*Supplied material*.
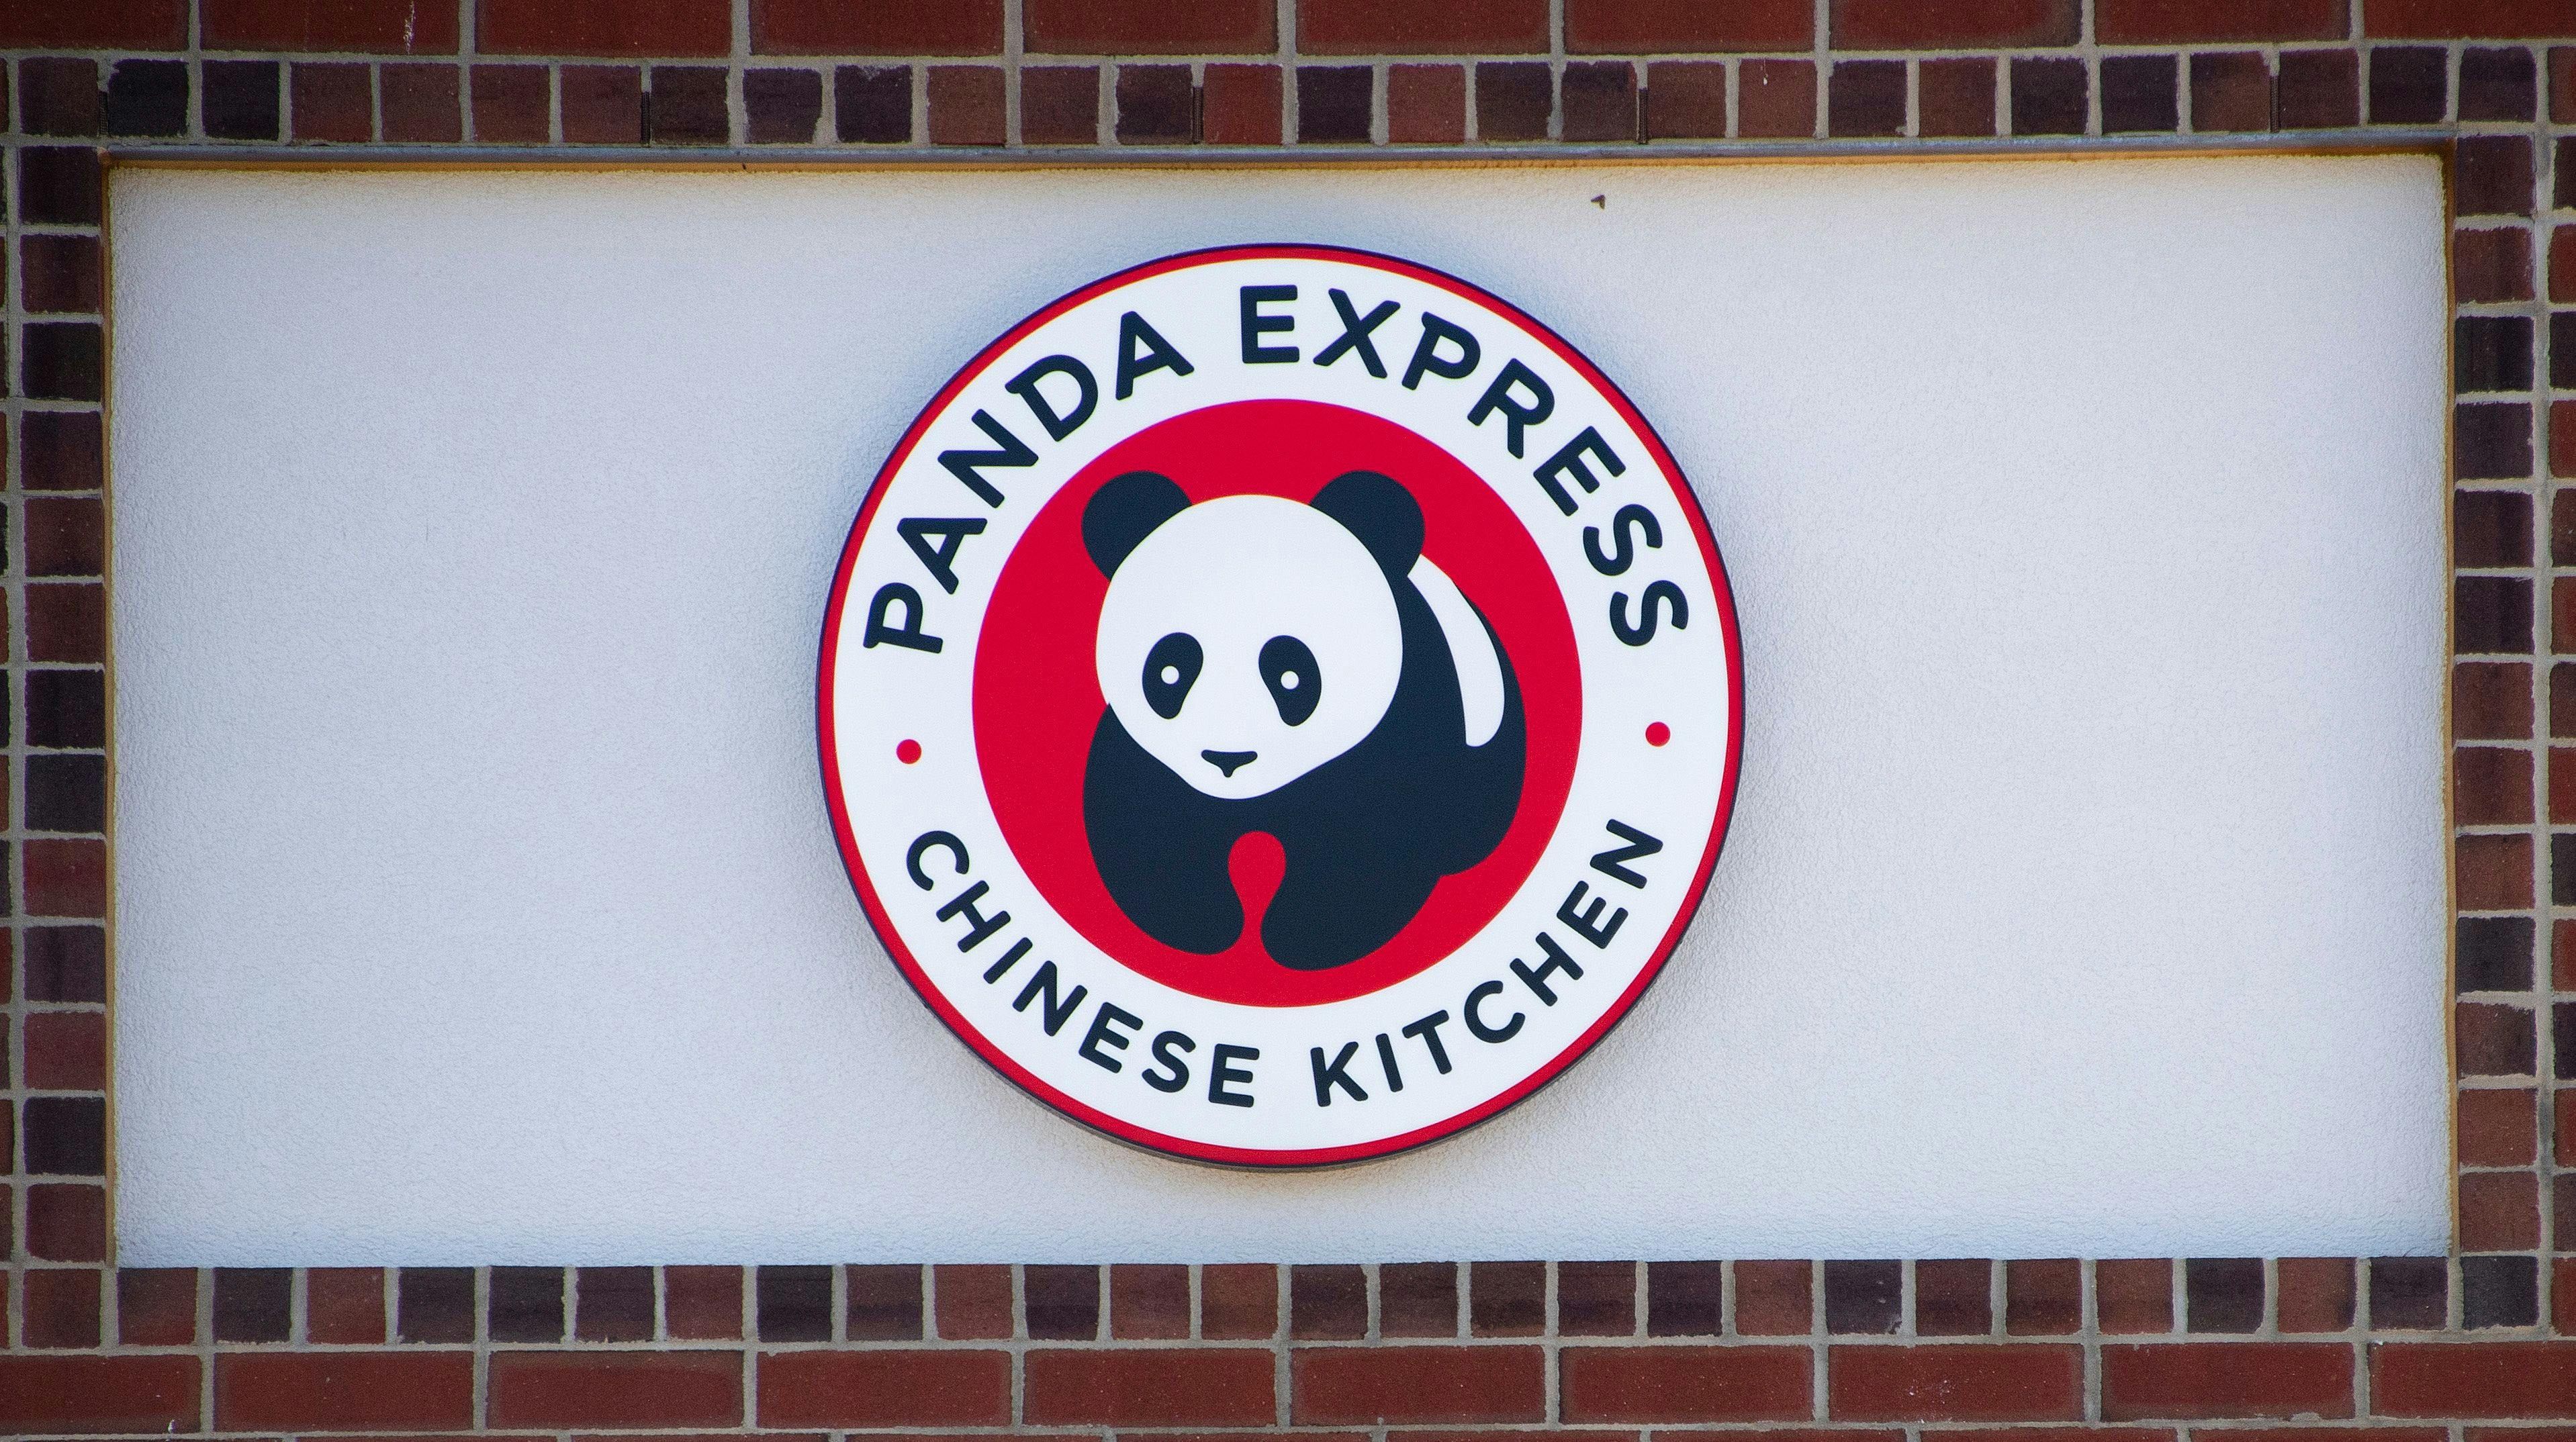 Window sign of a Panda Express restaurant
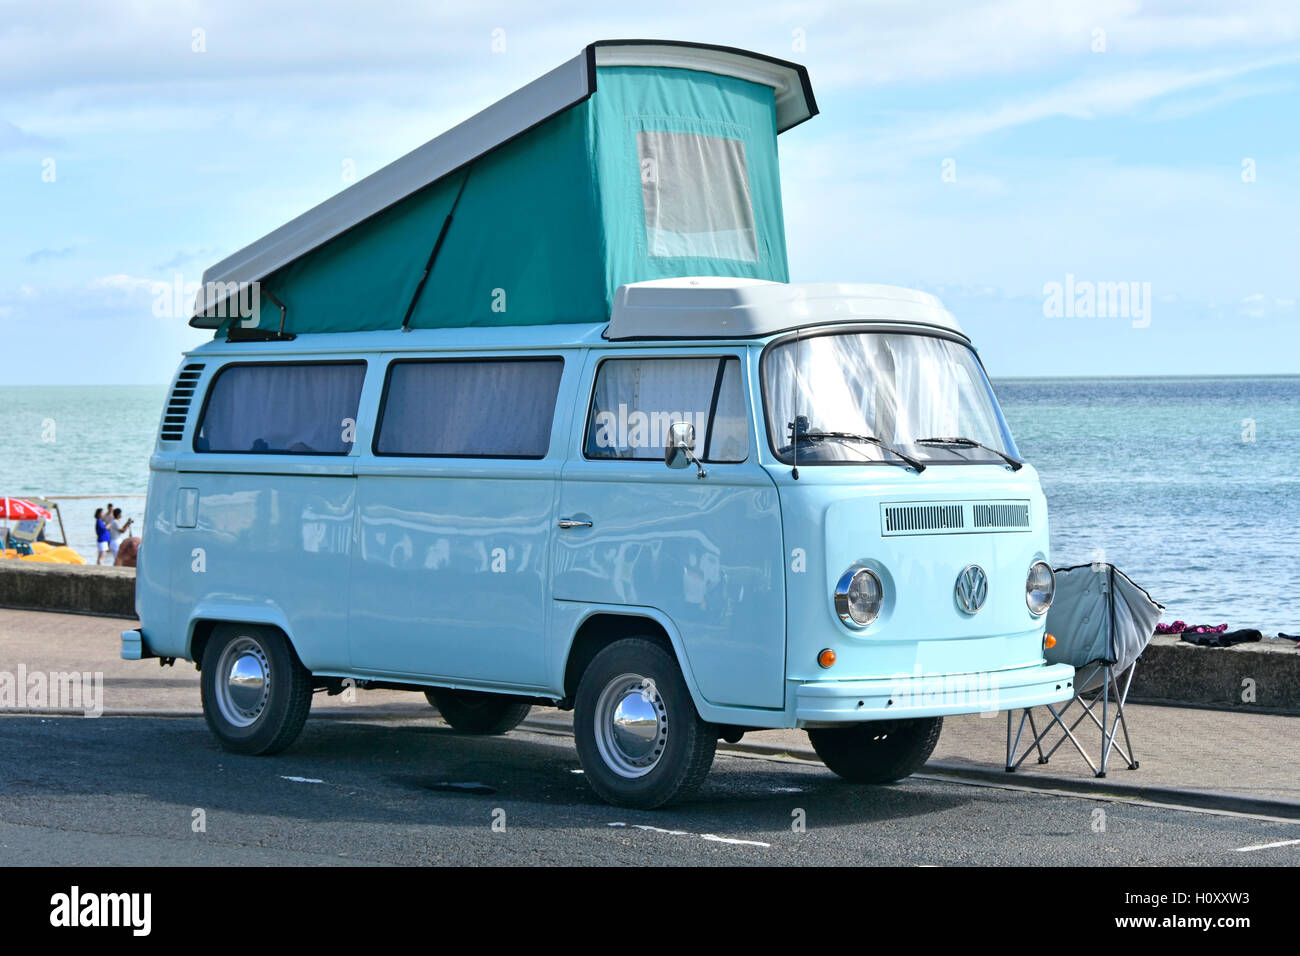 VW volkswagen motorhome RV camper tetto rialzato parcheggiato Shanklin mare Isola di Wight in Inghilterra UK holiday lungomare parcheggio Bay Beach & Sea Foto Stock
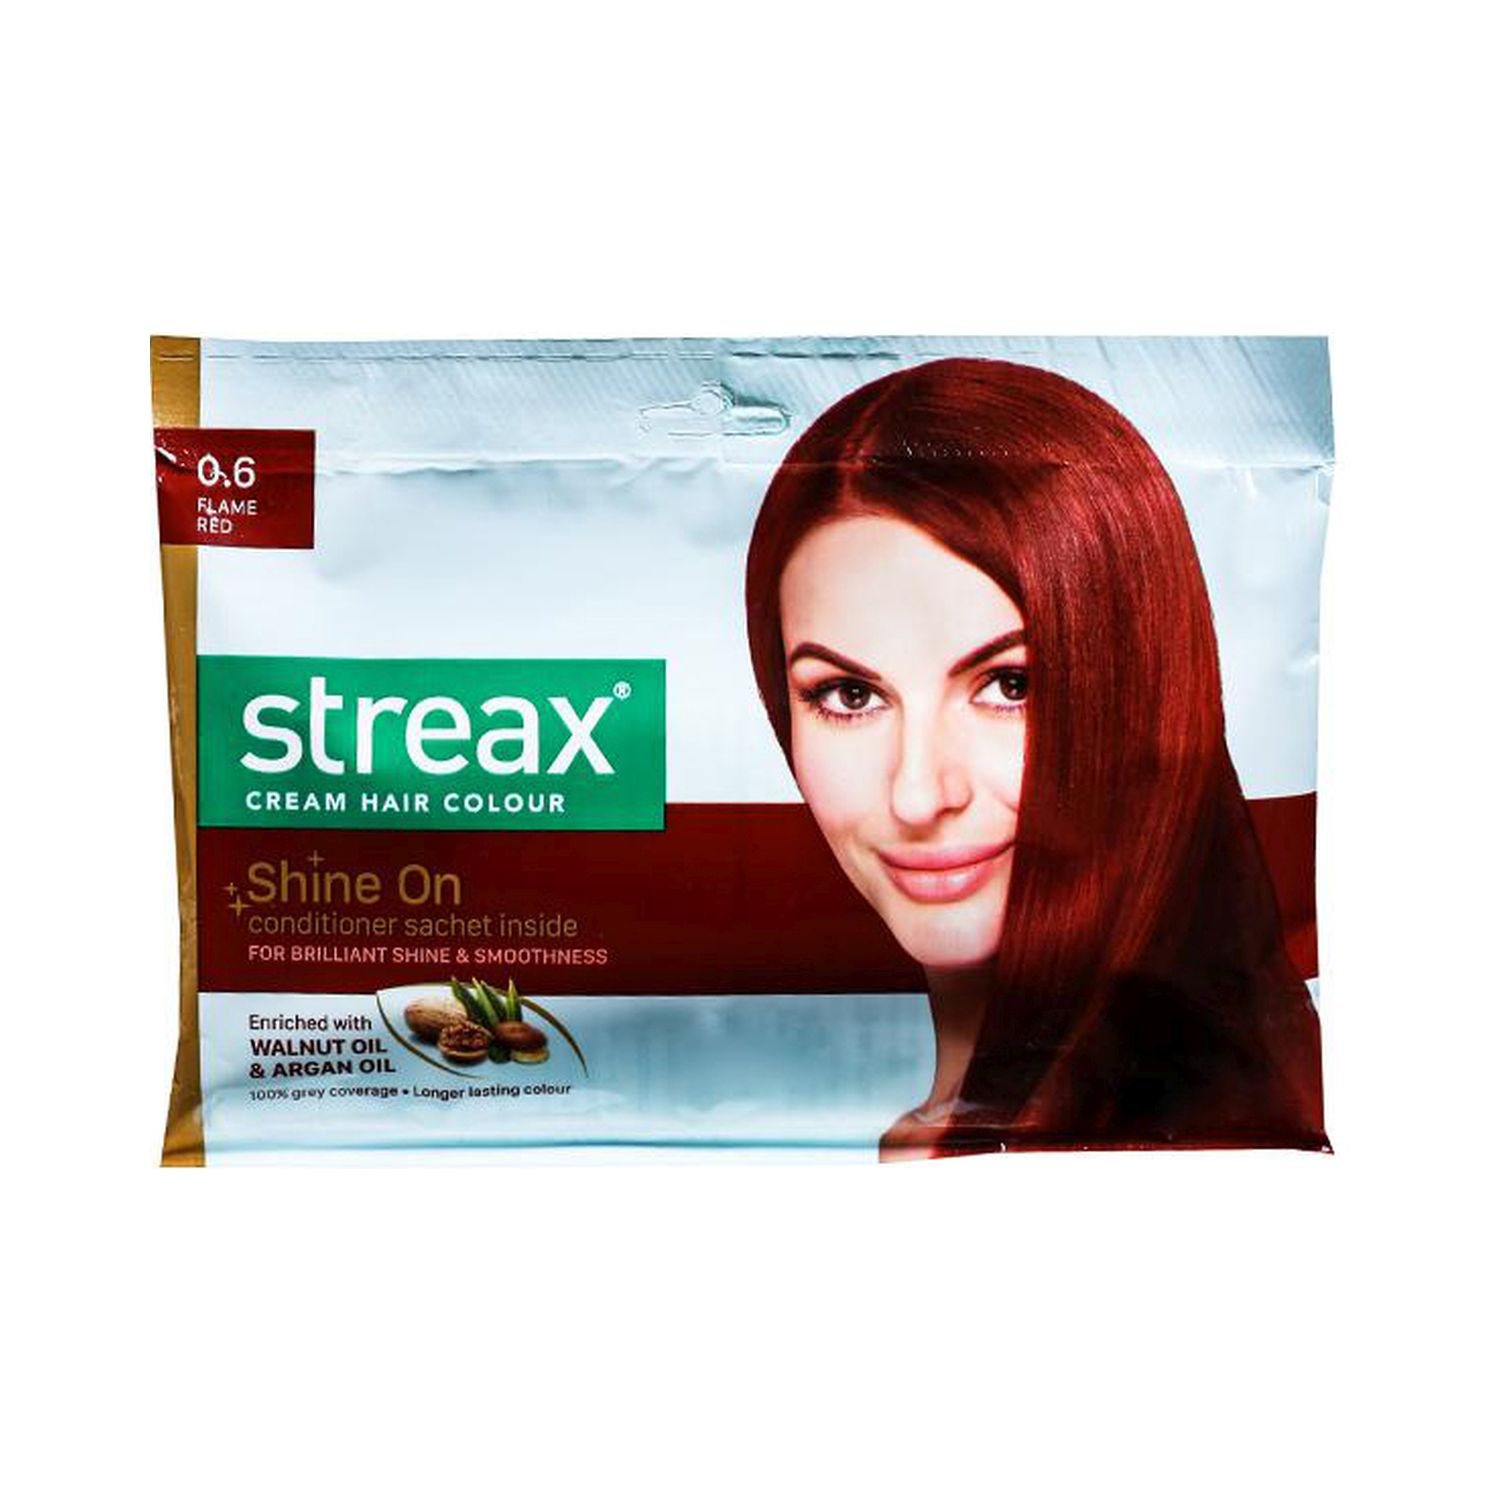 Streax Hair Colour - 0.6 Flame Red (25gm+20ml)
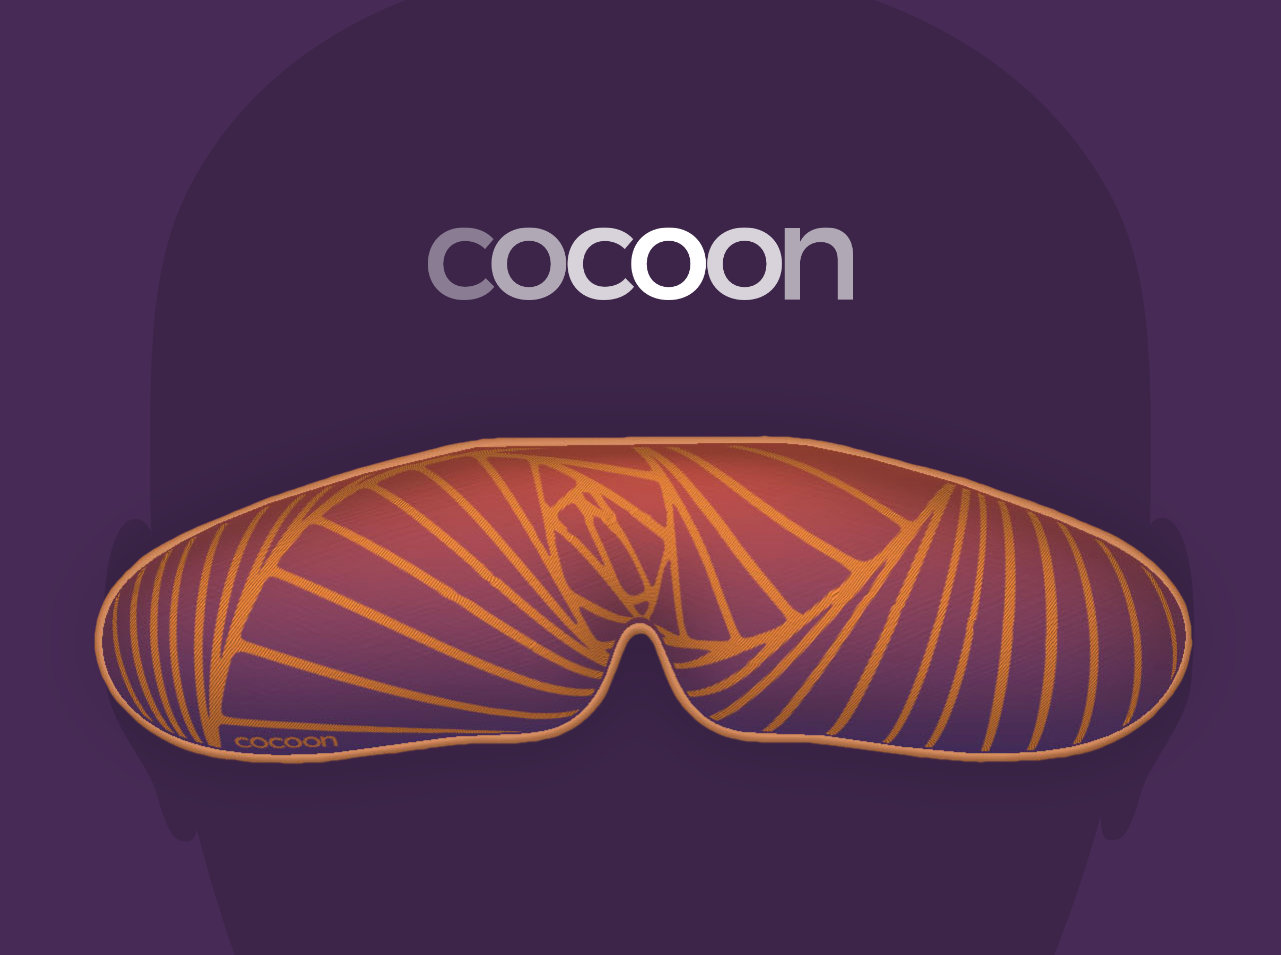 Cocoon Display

*Exercise objective*.
Give back the material word for word, leaving out its pictures.

*Task response*.
 Window sign of a Panda Express restaurant
 VW volkswagen motorhome RV camper tetto rialzato parcheggiato Shanklin mare Isola di Wight in Inghilterra UK holiday lungomare parcheggio Bay Beach & Sea Foto Stock
 Streax Hair Colour - 0.6 Flame Red (25gm+20ml)
 Cocoon Display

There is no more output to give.